** Opening COLLECTED DATA block **
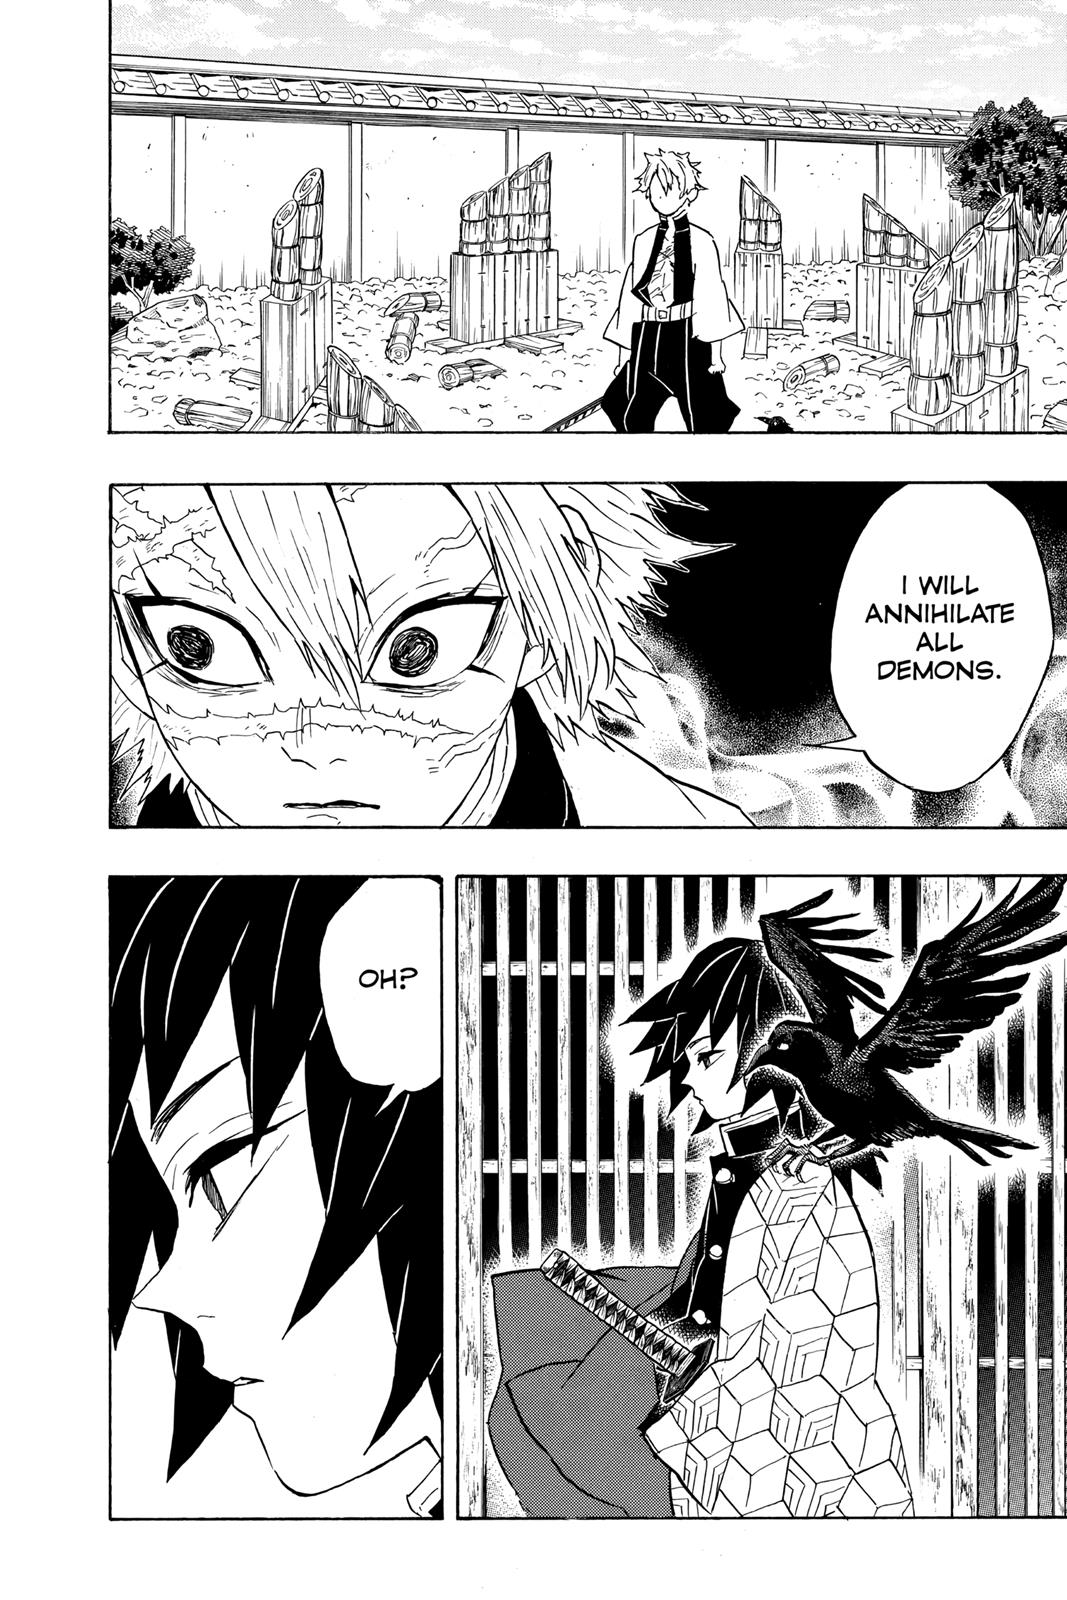 Demon Slayer Manga Manga Chapter - 66 - image 19
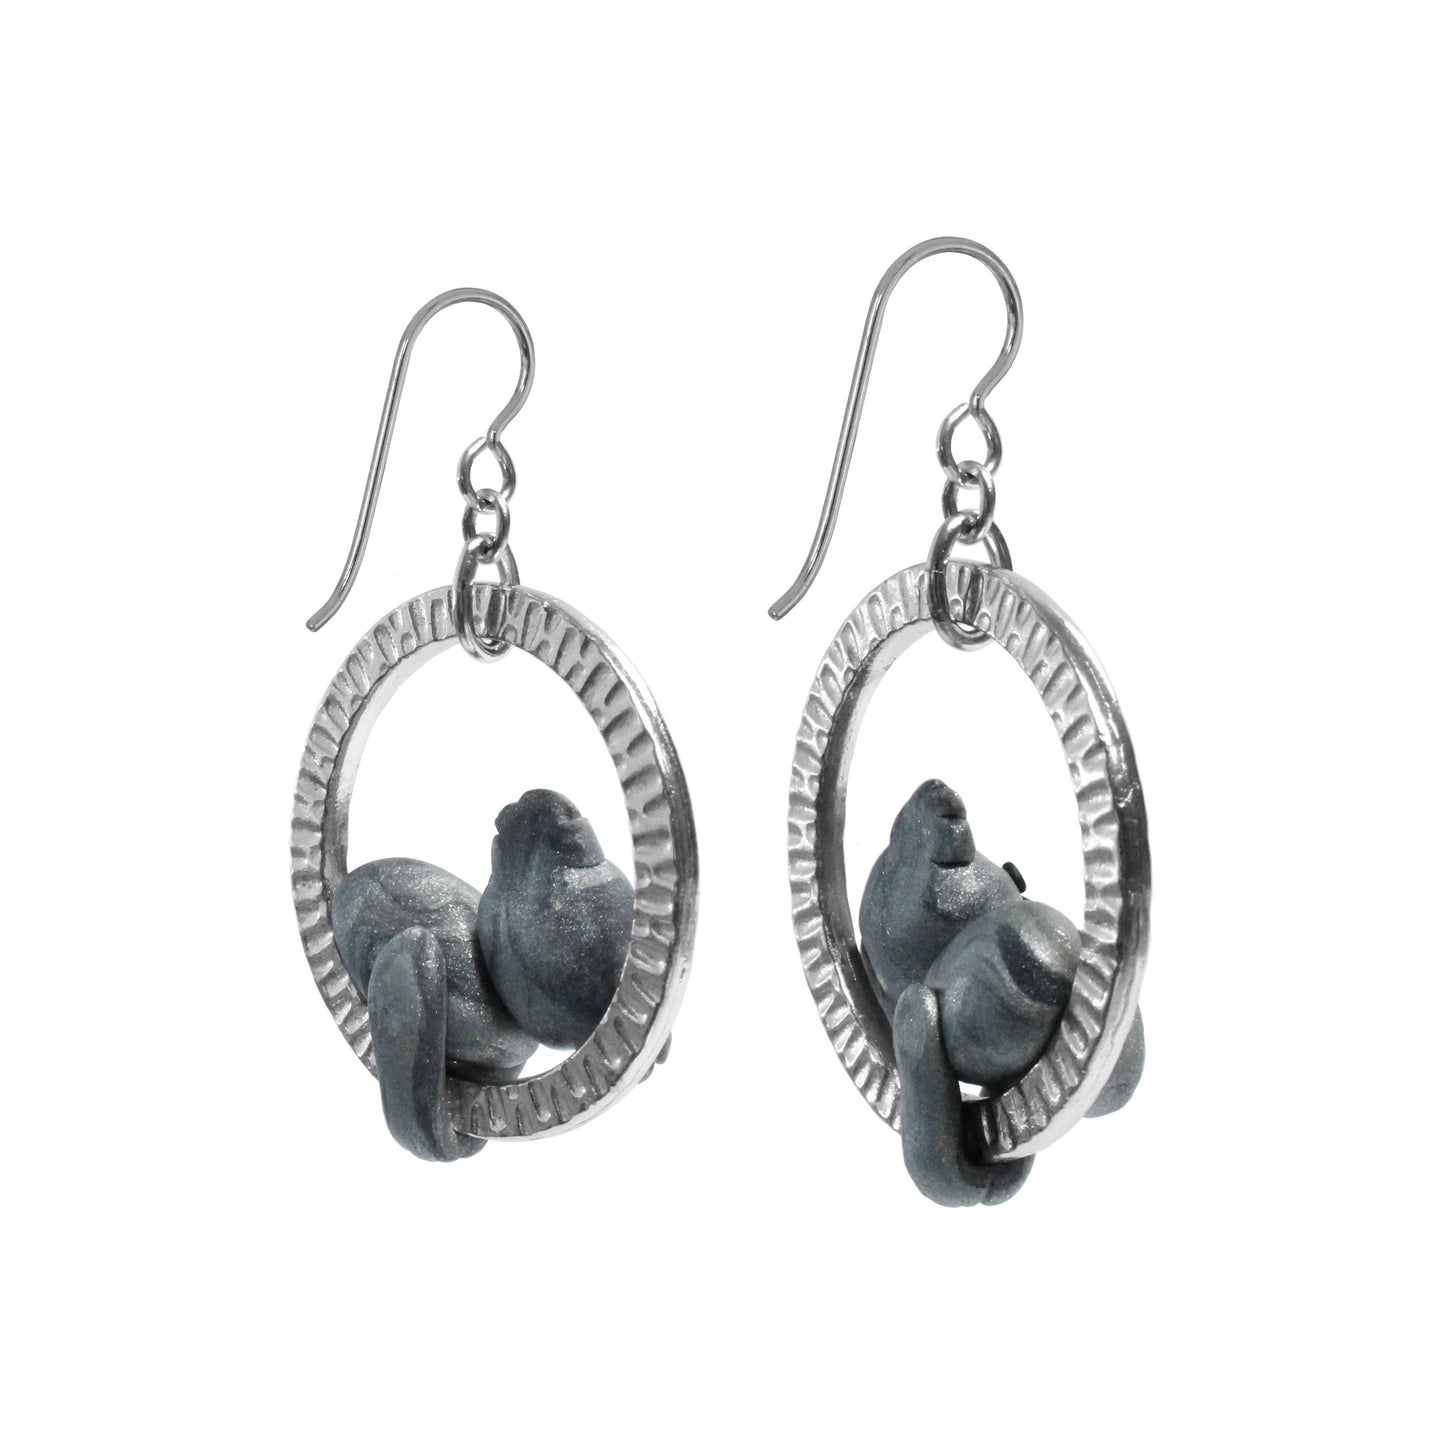 Koala Earrings / 50mm length / sterling silver hook earwires
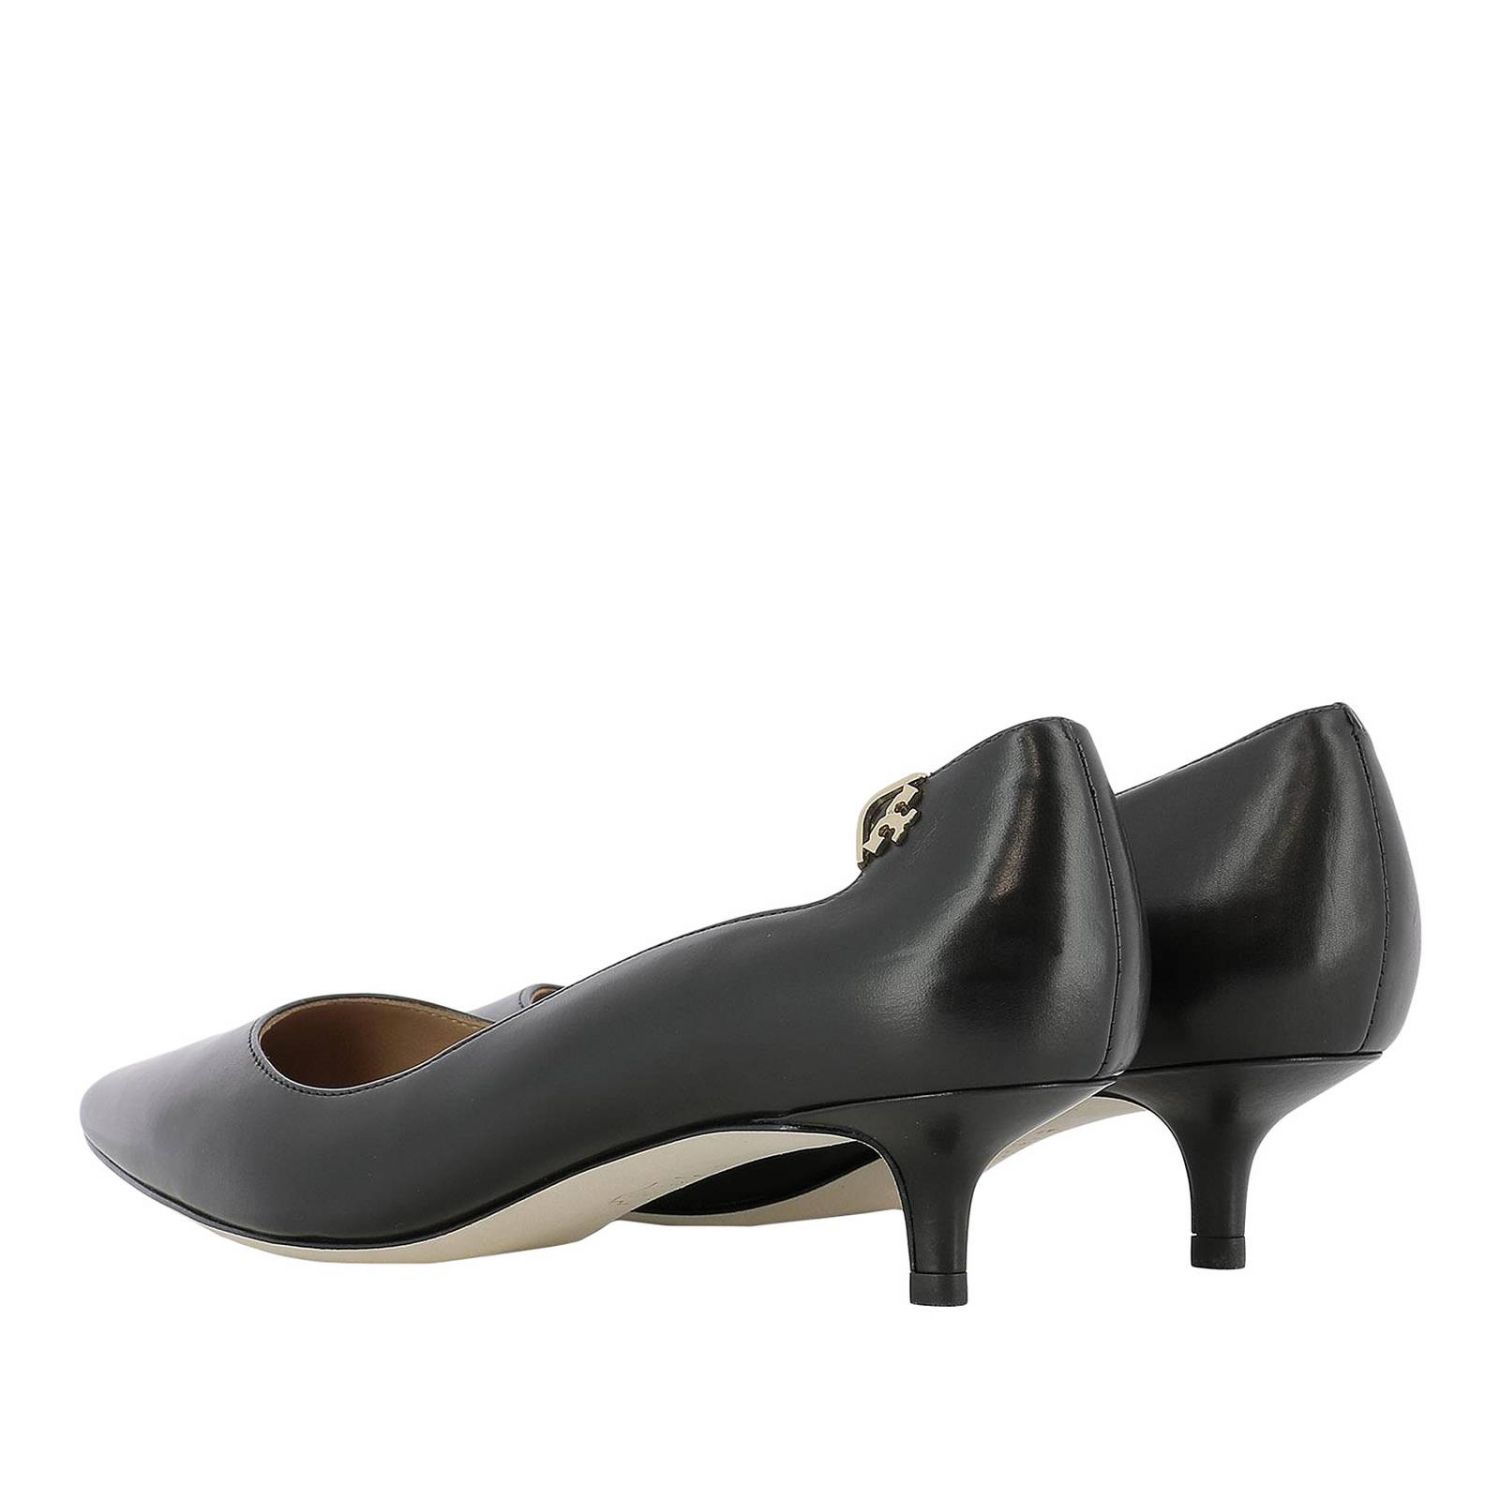 TORY BURCH: High heel shoes women | High Heel Shoes Tory Burch Women ...
** Closing COLLECTED DATA block **
** WHAT THE TASK REQUIRES **
Print the whole listing exactly, please, and keep any images out of it.

** EXERCISE RESULT **
 Demon Slayer Manga Manga Chapter - 66 - image 19
 Koala Earrings / 50mm length / sterling silver hook earwires
 TORY BURCH: High heel shoes women | High Heel Shoes Tory Burch Women ...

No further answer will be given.